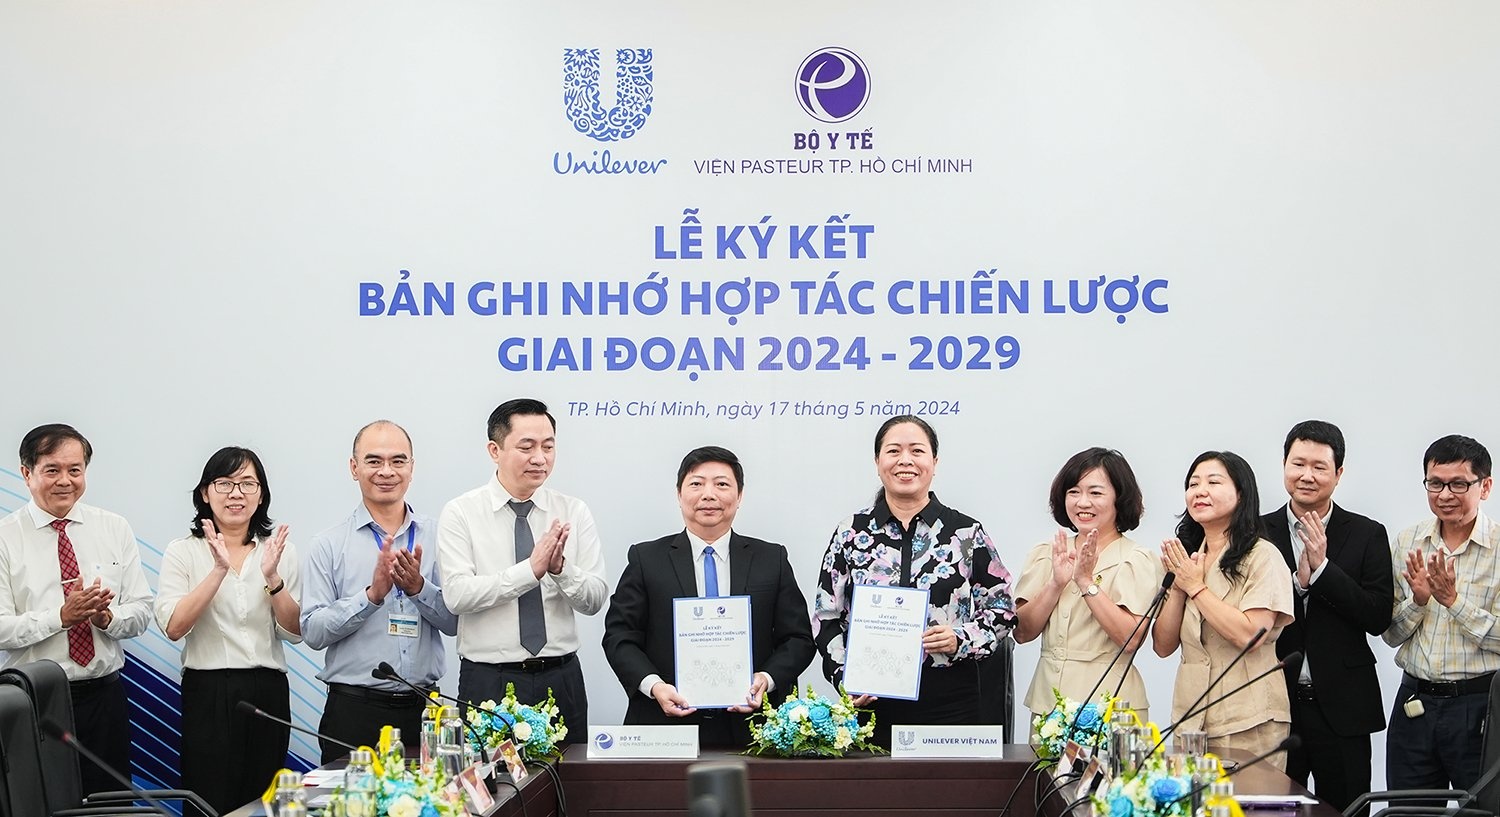 Unilever Việt Nam đồng hành nâng cao sức khỏe cho người Việt
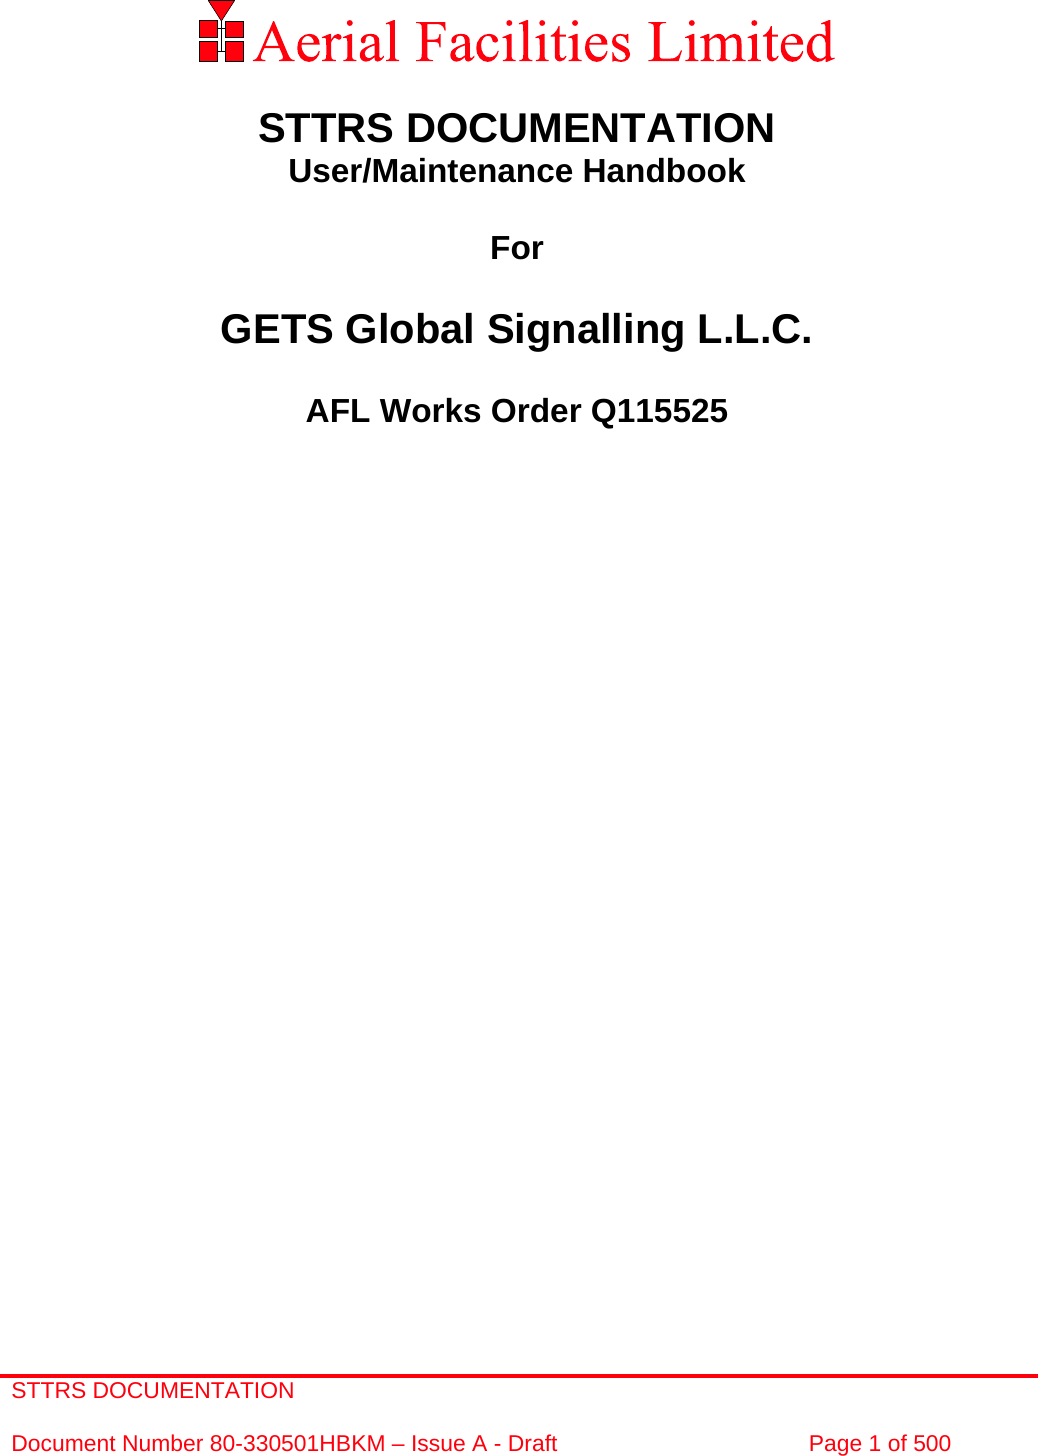 STTRS DOCUMENTATION  Document Number 80-330501HBKM – Issue A - Draft  Page 1 of 500              STTRS DOCUMENTATION User/Maintenance Handbook  For  GETS Global Signalling L.L.C.  AFL Works Order Q115525         
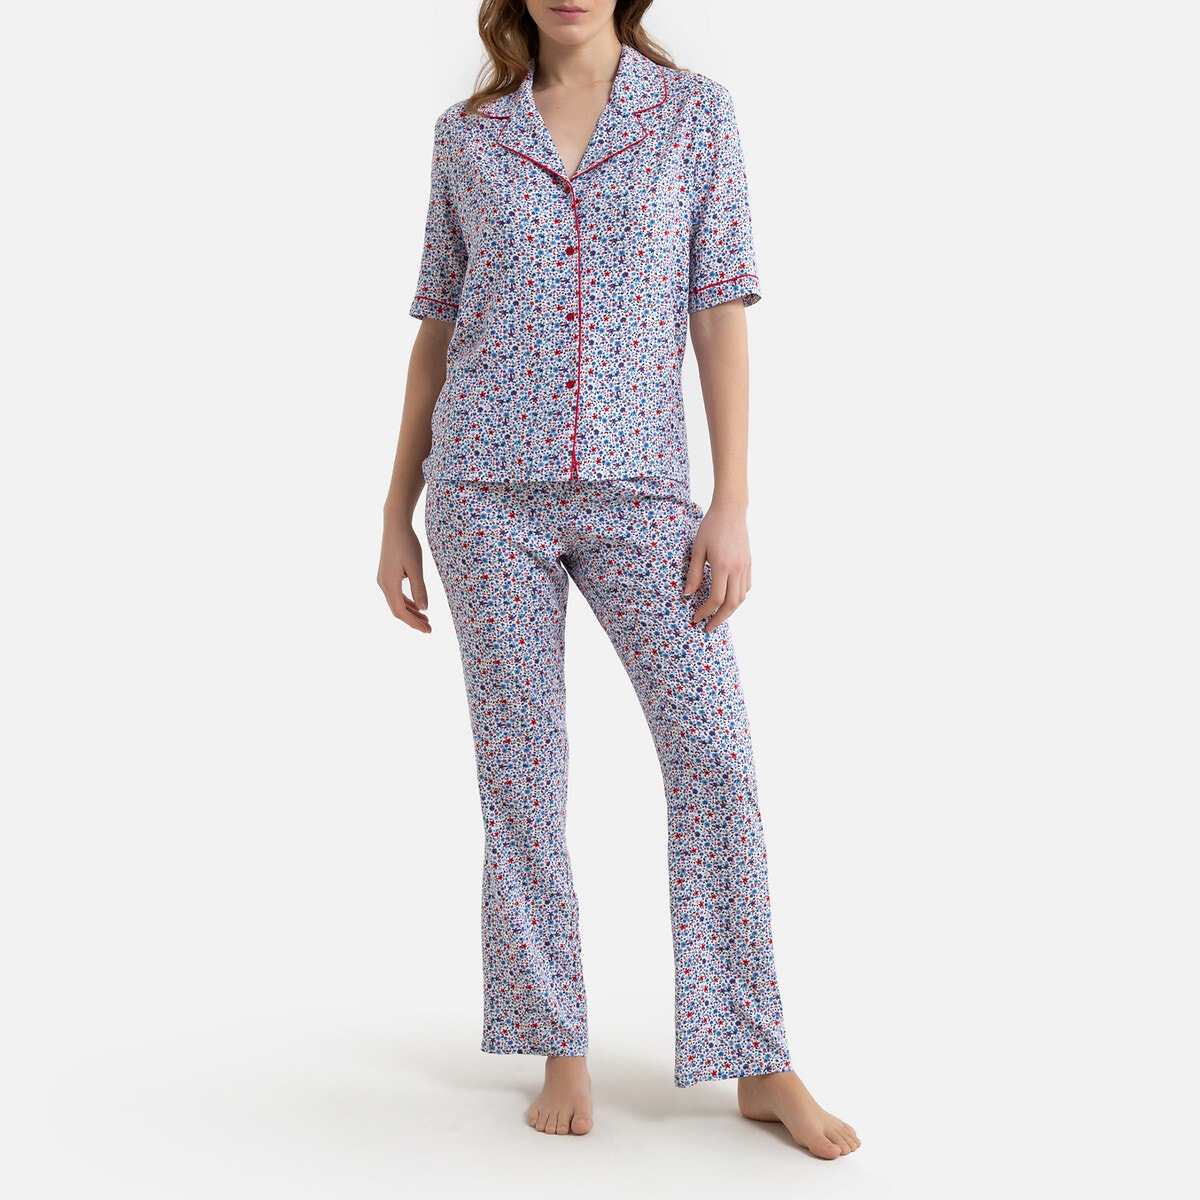 ΓΥΝΑΙΚΑ | Σύνολα ύπνου | Πυτζάμες Κοντομάνικη εμπριμέ πιτζάμα με φλοράλ μοτίβο
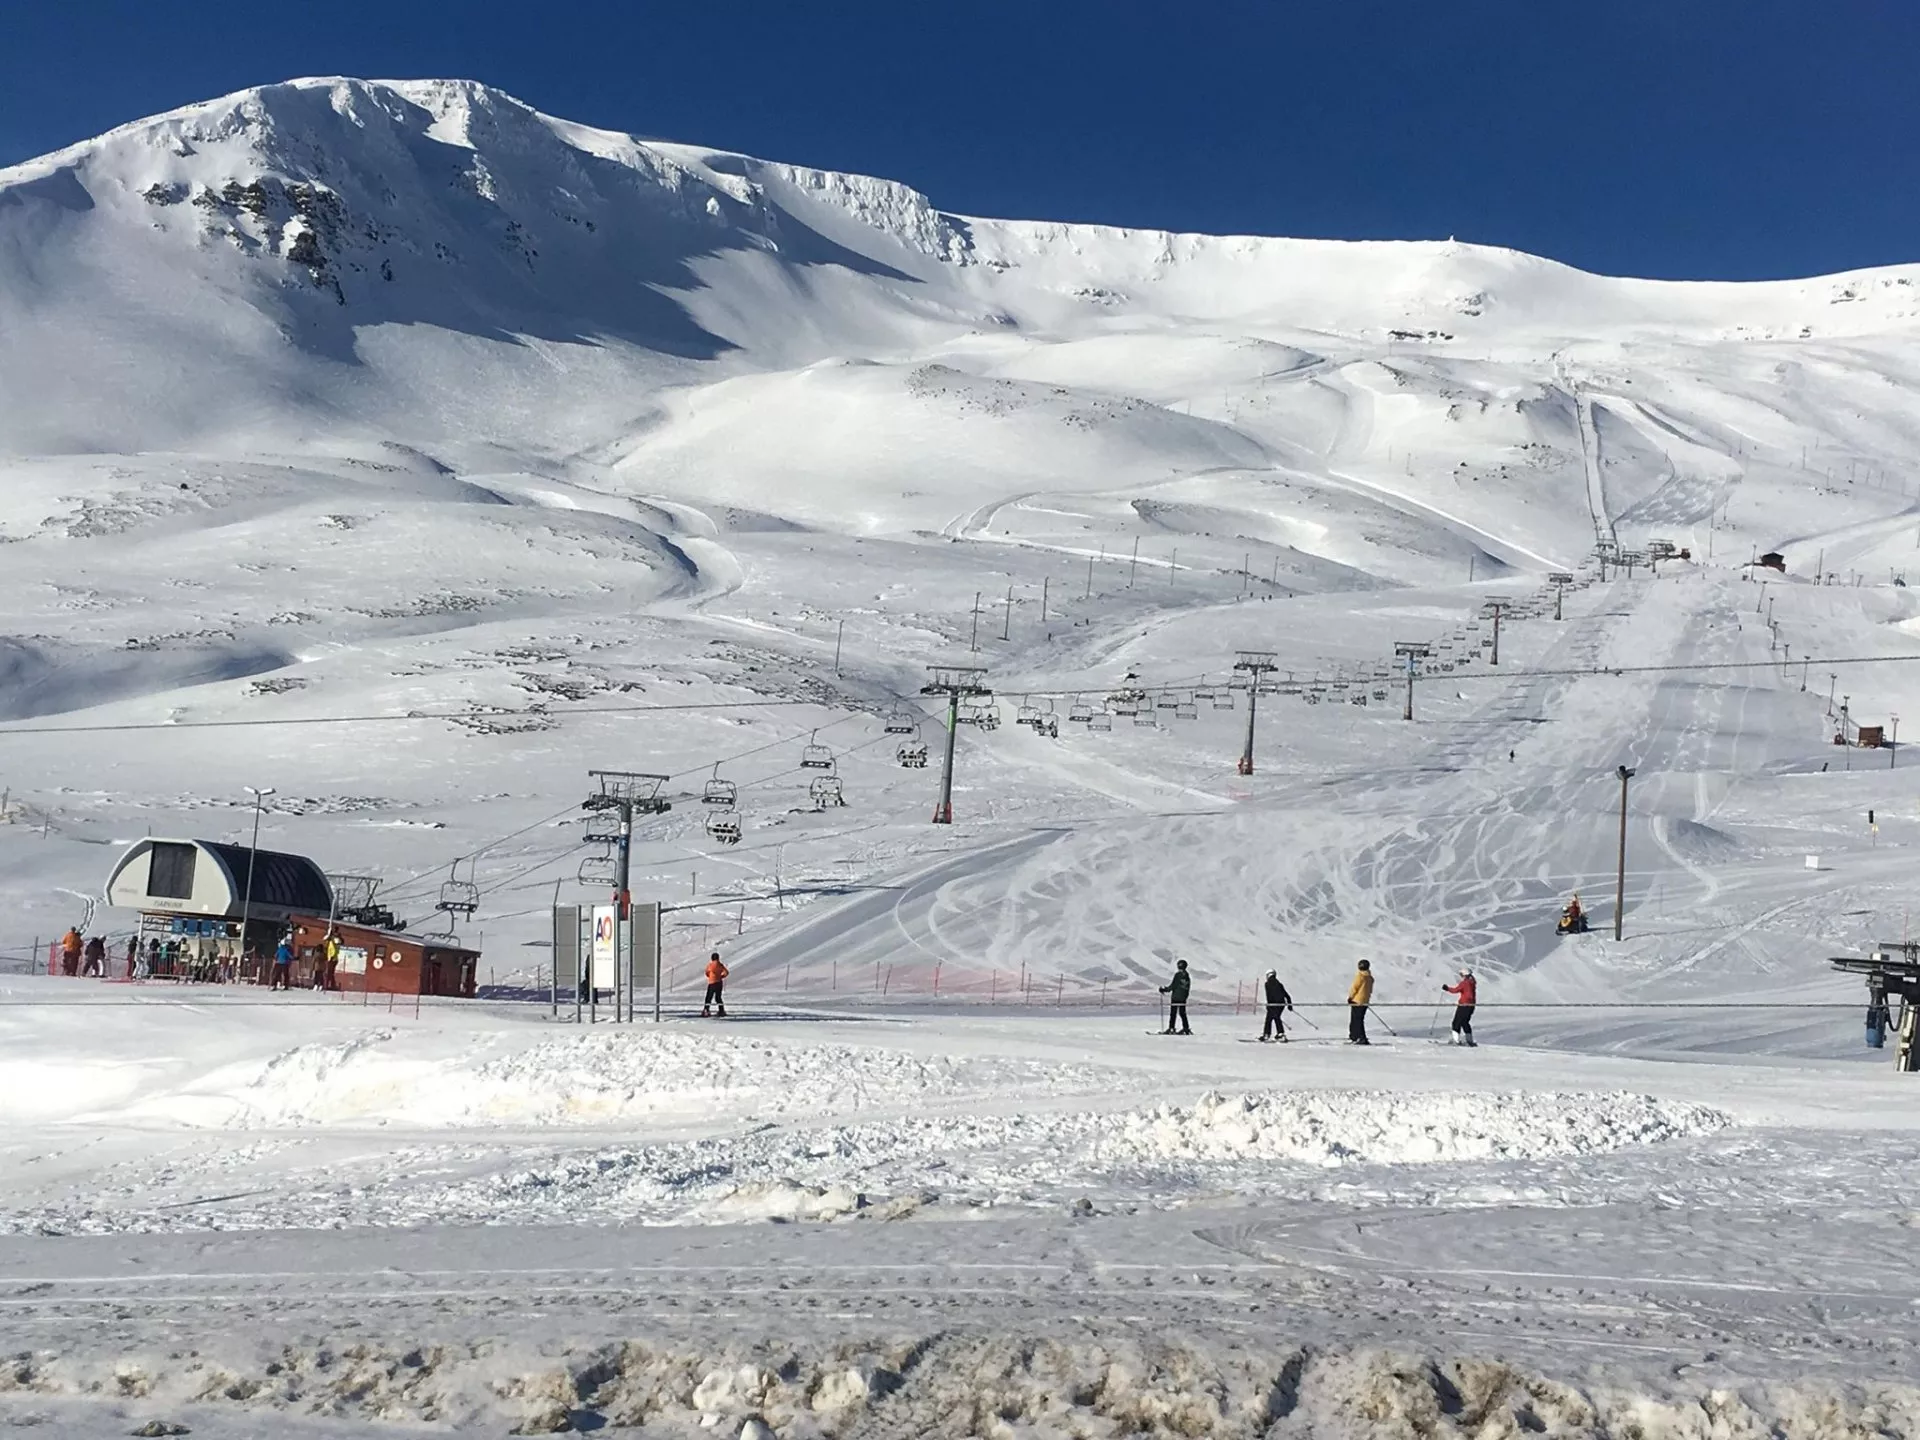 Hlidarfjall Akureyri in Iceland, Europe | Snowboarding,Mountaineering,Skiing - Rated 0.8

·····

Task description
Keep the pictures out and transcribe the listing exactly.

Response to the exercise
 Unilever Việt Nam đồng hành nâng cao sức khỏe cho người Việt
 STTRS DOCUMENTATION  Document Number 80-330501HBKM – Issue A - Draft  Page 1 of 500              STTRS DOCUMENTATION User/Maintenance Handbook  For  GETS Global Signalling L.L.C.  AFL Works Order Q115525         
 ΓΥΝΑΙΚΑ | Σύνολα ύπνου | Πυτζάμες Κοντομάνικη εμπριμέ πιτζάμα με φλοράλ μοτίβο
 Hlidarfjall Akureyri in Iceland, Europe | Snowboarding,Mountaineering,Skiing - Rated 0.8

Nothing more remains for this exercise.